Catherine Gordon: Let's spend a minute on interest rates given all that we've been talking about. What do you think are the implications for interest rates around the world, and how do you think bond investors should think about those issues?

Joe Davis: The concern of a rising-rate environment is on some investors' minds, just like this time last year. I think if we look at Federal Reserve policy in the United States, I think if we look at what could happen for U.S. growth and what could happen for U.S. inflation, and, given our comments today, the Federal Reserve has been very clear that they will be on hold keeping the fed funds rate near zero at least through the middle of 2013. I think when we look at those distributions and what could happen to growth and inflation, I think it's fair to say that the risk is that the Federal Reserve may be on hold longer than expected, perhaps even well into 2014. And that pains me, because of what that may mean for short-term interests rates and for those that are savers and money market investors. But I think much more important and which may impact, quite frankly, Federal Reserve policy is what the European Central Bank (ECB) is doing and how successful that may be for Europe's situation.

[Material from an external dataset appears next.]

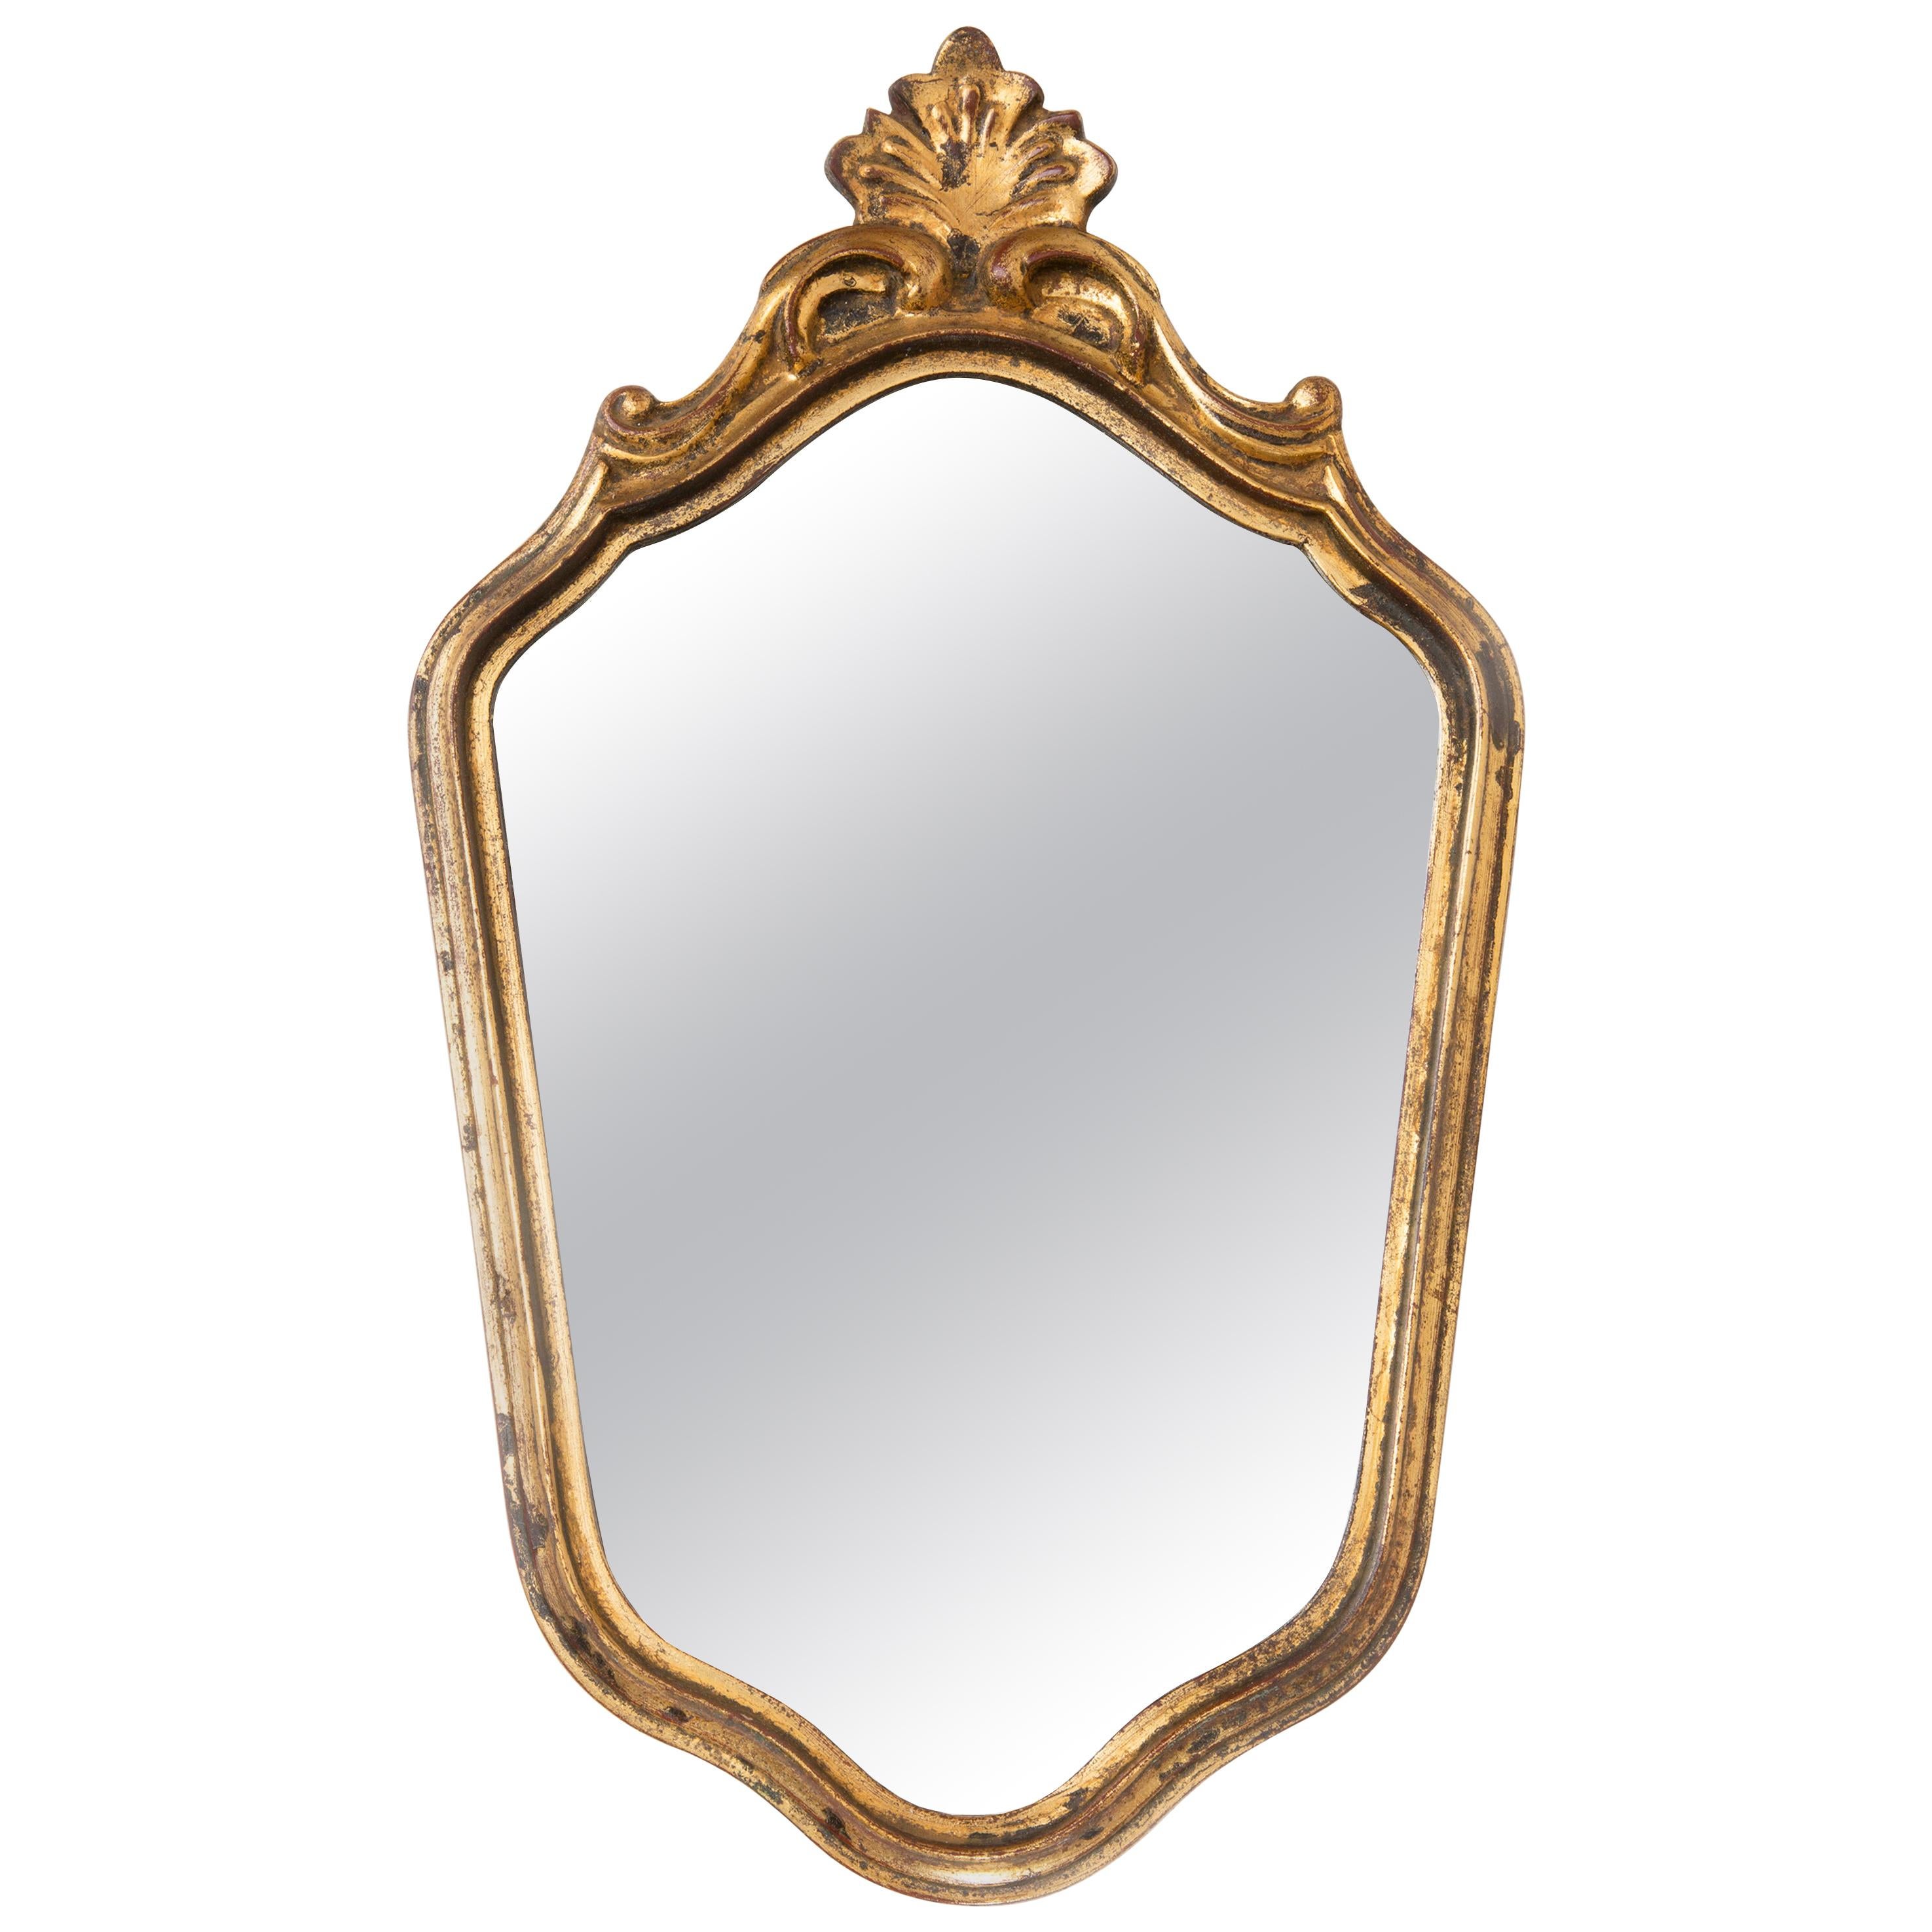 Midcentury Vintage Old Gold and Brown Mirror, Giltwood, Italy, 1960s

Peter Westaway: Certainly the ECB is a key player in the global economy at the moment. And, of course, there's a debate in Europe about interest rates, how long interest rates are kept low. The ECB has just reversed its previous increases, brought them back down to 1%. They could go even further than that. The Bank of England is indulging in more quantitative easing. But in many ways, the explicit policy stance is a bit of a sideshow. The most important thing at the moment for the ECB is what they do about the sovereign [debt] crisis and the question that so many people are asking is: Are the ECB [officials] going to step in more aggressively to try to bring down sovereign yields? And that in the end is one of the key factors that's going to help bring the crisis to some sort of resolution.

At the moment, the ECB is still waiting to see more evidence of better fiscal policy and more structural reform in the periphery and as we're seeing that, I think it's going to be more likely that the ECB steps in more aggressively. And in the end, [the ECB is] a key player in helping to bring some sort of resolution to this crisis. But it's not quite yet happened.

Catherine Gordon: I'm sure our investors appreciate those insights. Peter and Joe, thank you both very much for your time today.

Joe Davis and Peter Westaway: Thank you very much.

Catherine Gordon: And thanks to all of you for joining us today. We hope that you'll join us again for Vanguard's analysis of economic trends.